One future for journal publishing, revisited

Back in September, I noted that Tim Gowers announced a new journal, Discrete Analysis. As I said then, the content of the journal probably won’t be of much interest to most readers of Logic Matters. But the form of the journal is fascinating. It is to be an arXiv overlay journal. In the briefest headline terms, what this means, in Tim Gowers’s words, is that

rather than publishing, or even electronically hosting, papers, it will consist of a list of links to arXiv preprints. Other than that, the journal will be entirely conventional: authors will submit links to arXiv preprints, and then the editors of the journal will find referees, using their quick opinions and more detailed reports in the usual way in order to decide which papers will be accepted. … [So] The articles will be peer-reviewed in the traditional way.

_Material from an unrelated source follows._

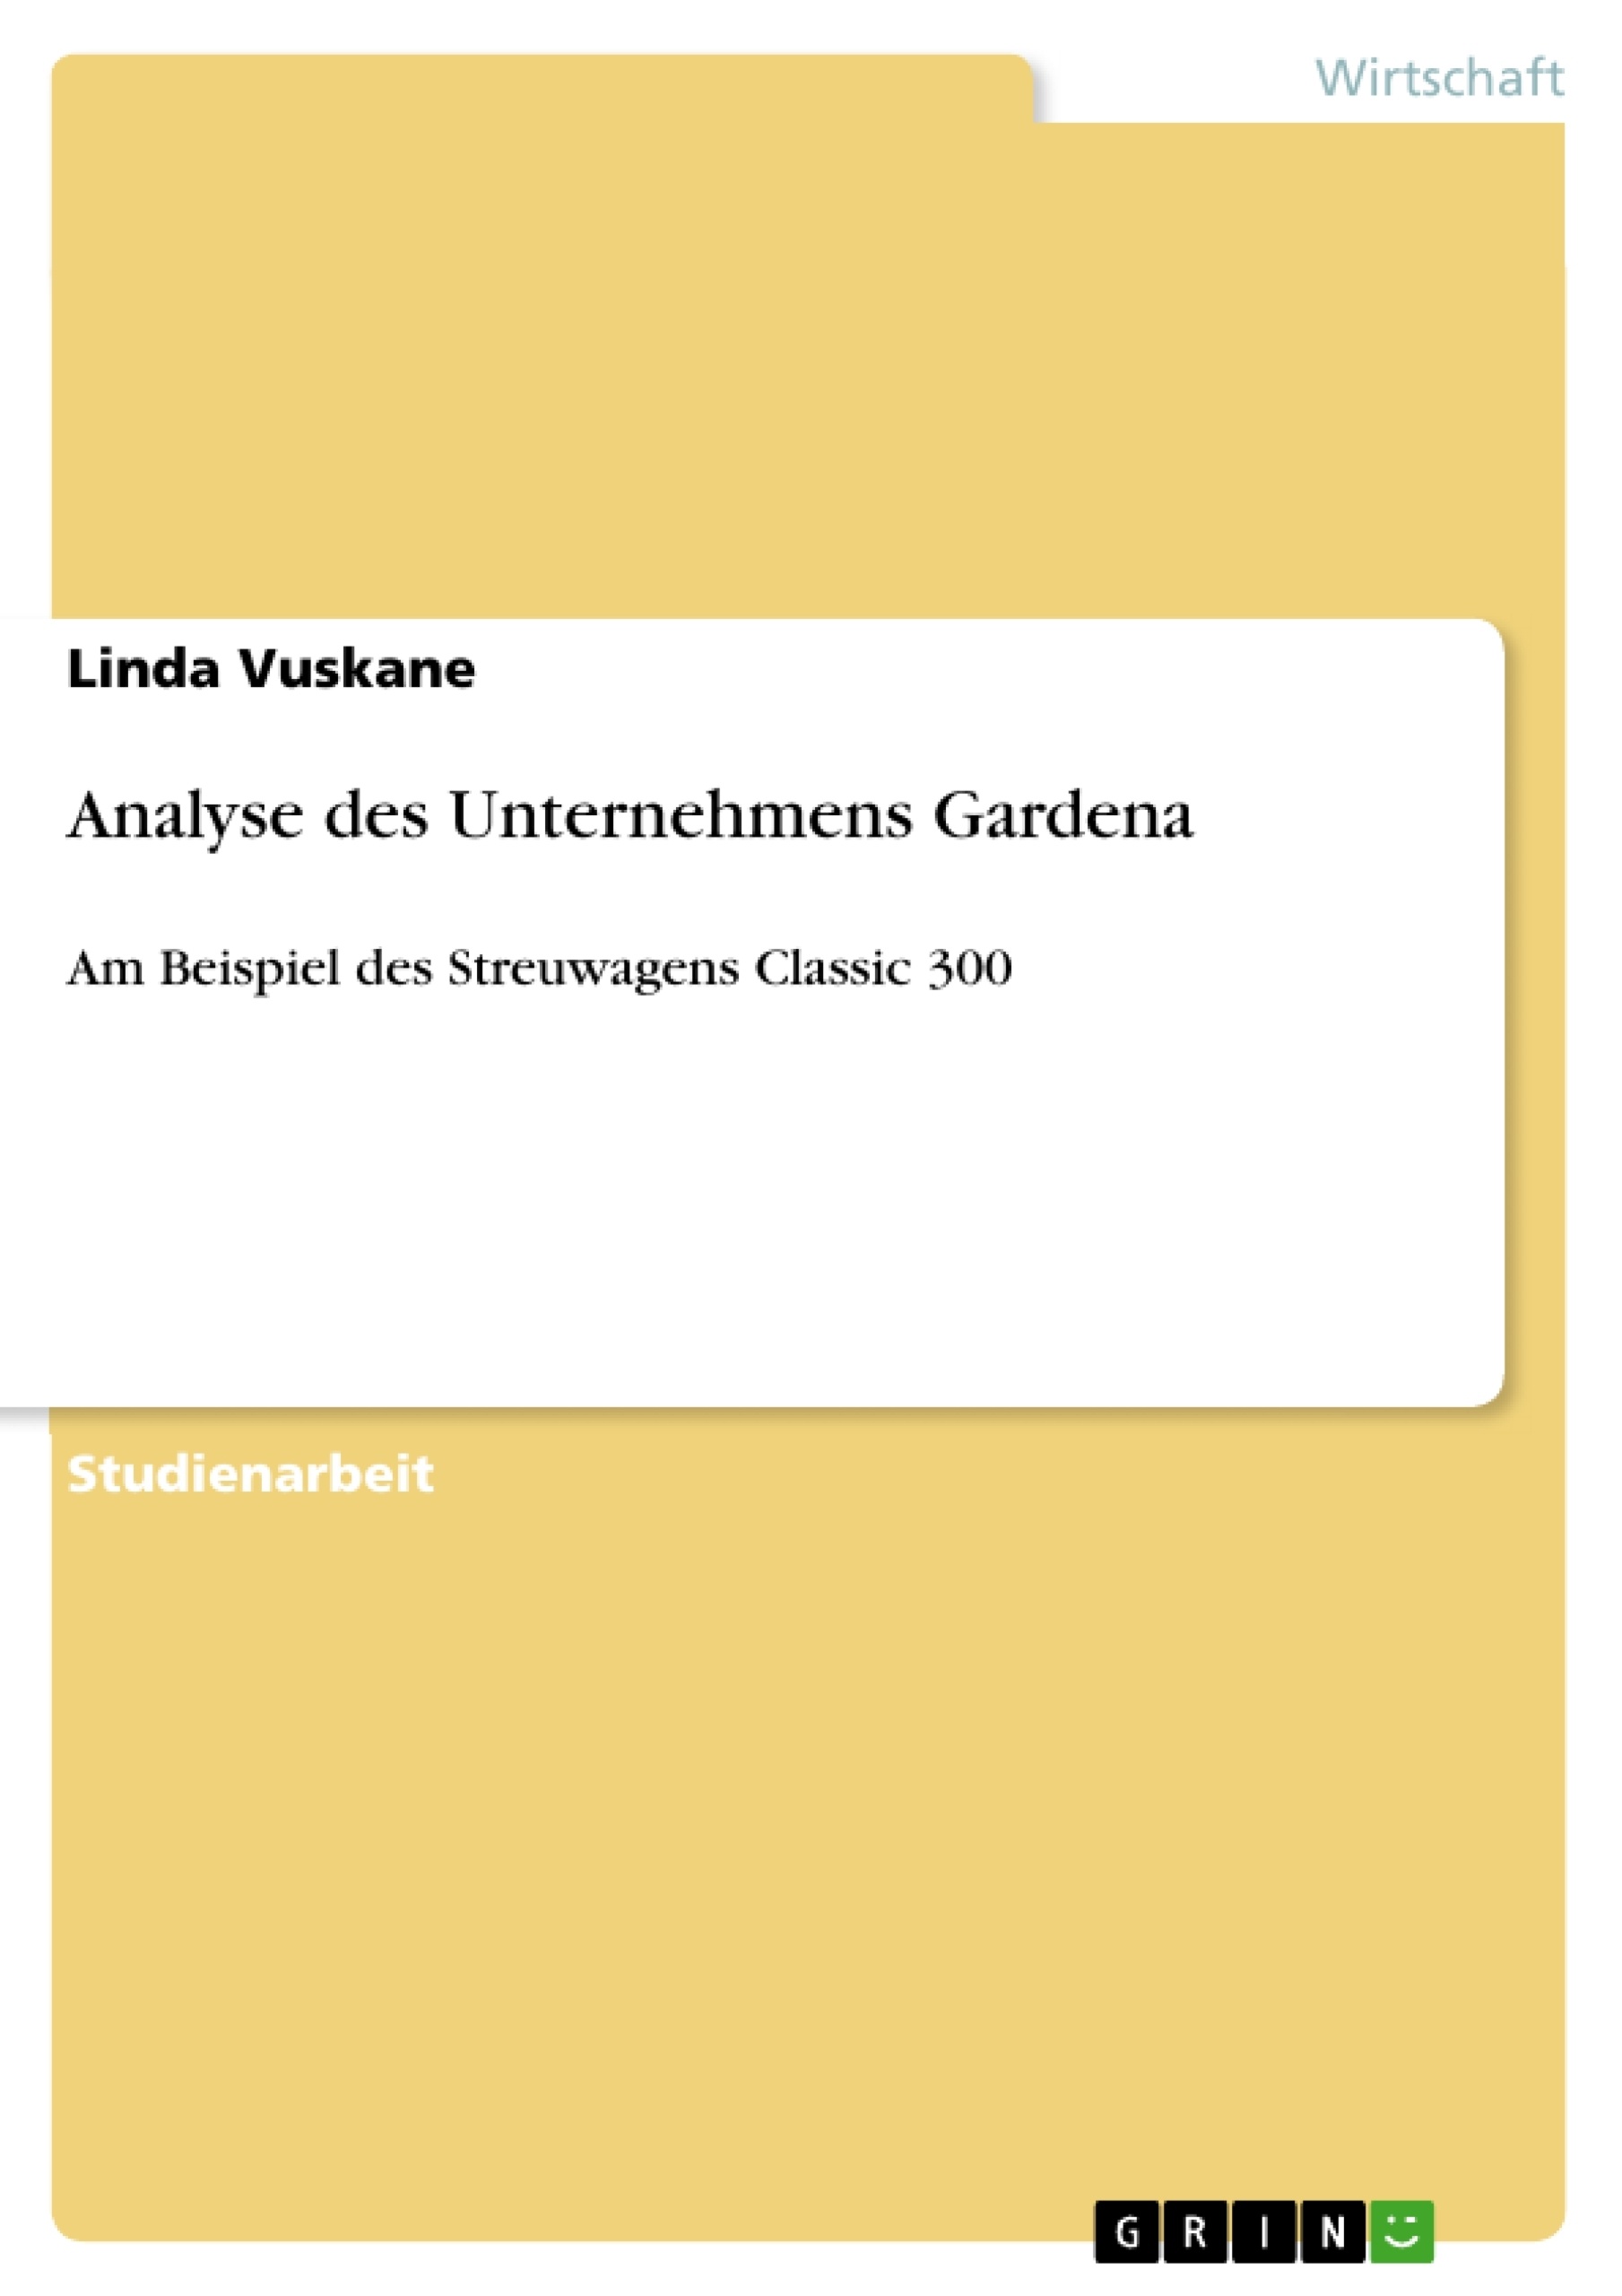 Título: Analyse des Unternehmens Gardena

The first issue is now online. And rather striking it looks too. There is more about the launch issue and the project in Tim Gowers’s latest blogpost. I wonder if any logicians out there will be spurred on to think about starting such an open-access journal? It seems a terrific idea.

By the way, for those of you with some little maths, if you click on the banner for the lead article, you get a short editorial intro. to Terence Tao’s paper, and — this is nice touch! — a link to a video of a talk that Tao gave about his proof, which (even if you don’t really follow the later parts of it) gives you a sense of what’s going on.